Now despite that, I don’t want people to confuse my defense of PLOS’s business success with a defense of the business it’s engaged in. While I believe the APC/service business model PLOS has helped to develop is far far superior to the traditional subscription model, because it does not require paywalls, but I’ve never been comfortable with the APC business model in an absolute sense (and I recognize the irony of my saying that) because I wish science publishing weren’t a business at all. When we started PLOS the only way we had to make money was through APCs, but if I had my druthers we’d all just post papers online in a centralized server funded and run by a coalition of governments and funders, and scientists would use lightweight software to peer review published papers and organize the literature in useful ways. And no money would be exchanged in the process. I’m glad that PLOS is stable and has shown the world that the APC model can work, but I hope that we can soon move beyond it to a very different system.

Now I want to end on the issue that seemed to upset people the most – which is the salaries of PLOS’s executives. I am immensely proud of the executive team at PLOS – they are talented and dedicated. They make competitive salaries – and we’d have trouble hiring and retaining them if they didn’t. The board has been doing what we felt we had to do to build a successful company in the marketplace we live in – after all, we were founded to fix science publishing, not capitalism. But as an individual I can’t help but feel that’s a copout. The truth is the general criticism is right. A system where executives make so much more money that the staff they supervise isn’t just unfair, it’s ultimately corrosive.

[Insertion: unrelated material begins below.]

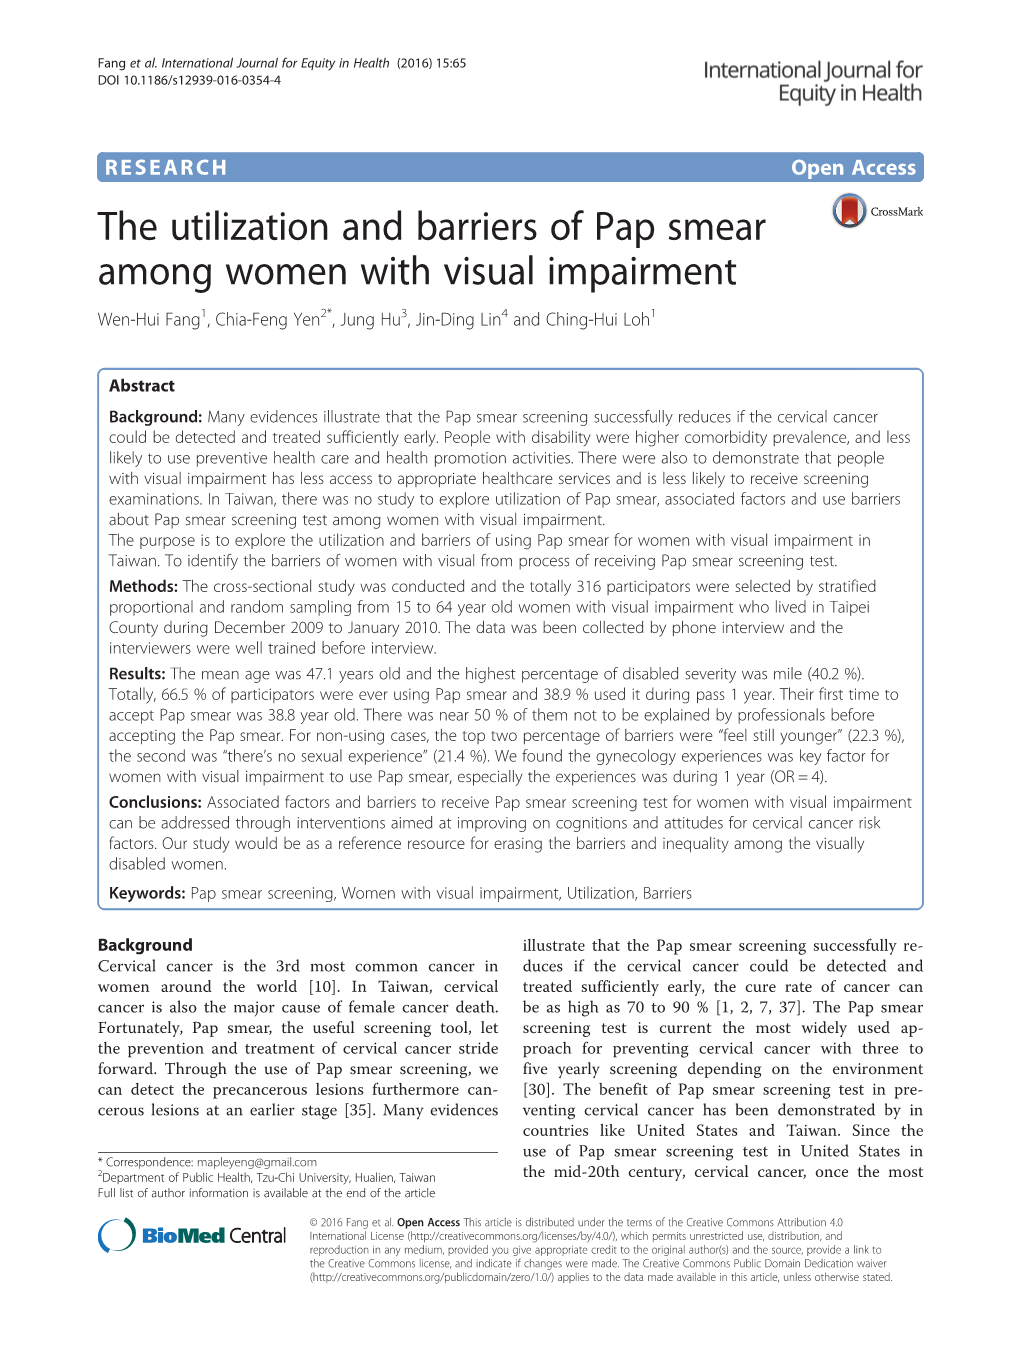 The Utilization and Barriers of Pap Smear Among Women with Visual Impairment Wen-Hui Fang1, Chia-Feng Yen2*, Jung Hu3, Jin-Ding Lin4 and Ching-Hui Loh1
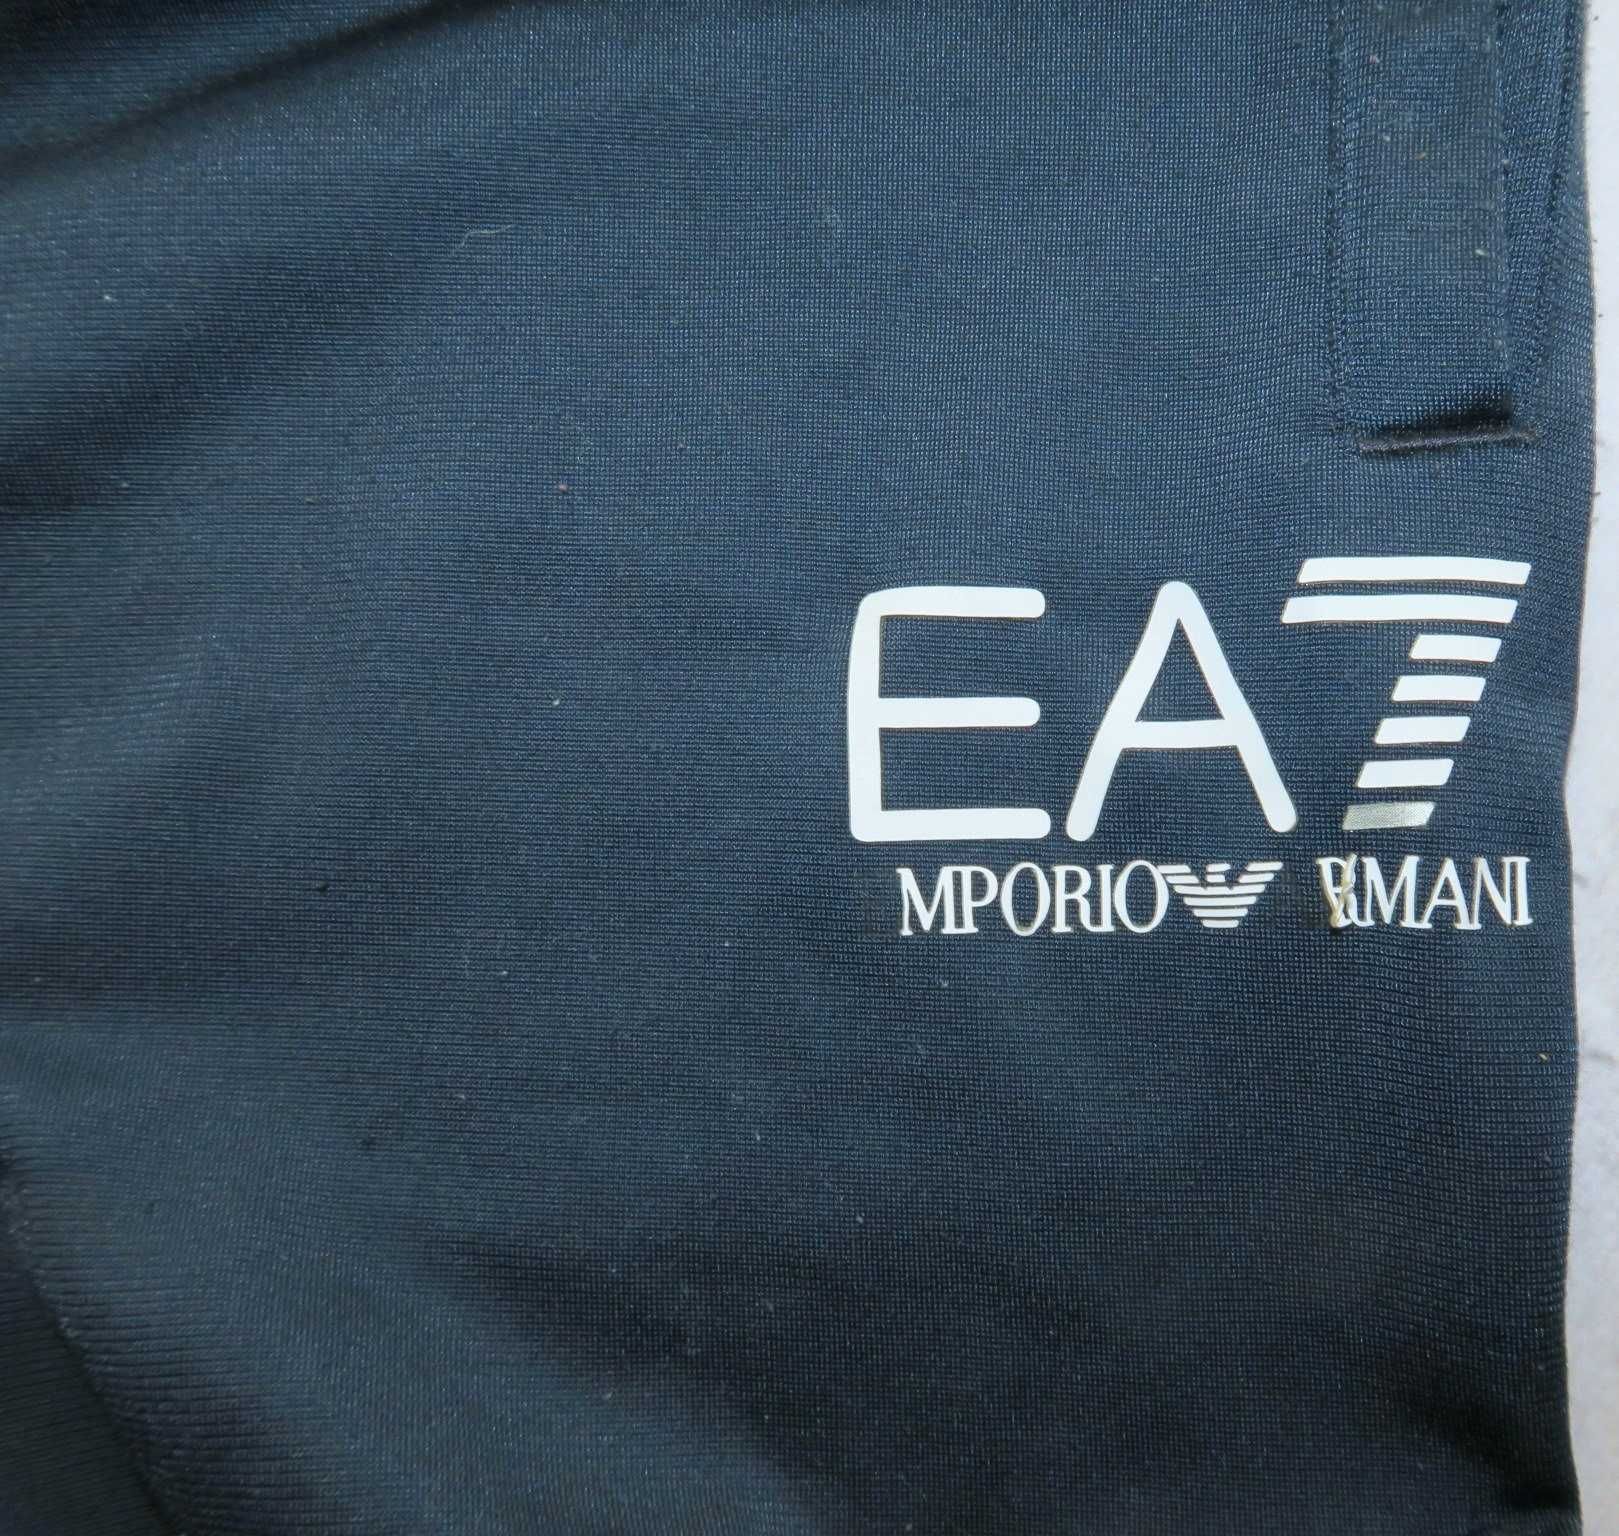 Emporio Armani spodnie dresowe zwężane L

It’s something we all have to work to change, and I wish I’d done more to help make PLOS a model of this.

Finally, I want to acknowledge a tension evident in a lot of the discussion around this issue. Some of the criticism of PLOS – especially about margins and cash flow – have been just generally unfair. But others – about salaries and transparency – reflect something important. I think people understand that in these ways PLOS is just being a typical company. But we weren’t founded to just be a typical company – we were founded to be different and, yes, better, and people have higher expectations of us than they do a typical company. I want it to be that way. But PLOS was also not founded to fail – that would have been terrible for the push for openness in science publishing.I am immensely proud of PLOS’s success as a publisher, agent for change, and a business – and of all the people inside and outside of the organization who helped achieve it. Throughout PLOS’s history there were times we had to choose between abstract ideals and the reality of making PLOS a successful business, and I think, overall, we’ve done a good, but far from perfect, job of balancing this tension. And moving forward I personally pledge to do a better job of figuring out how to be successful while fully living up to those ideals.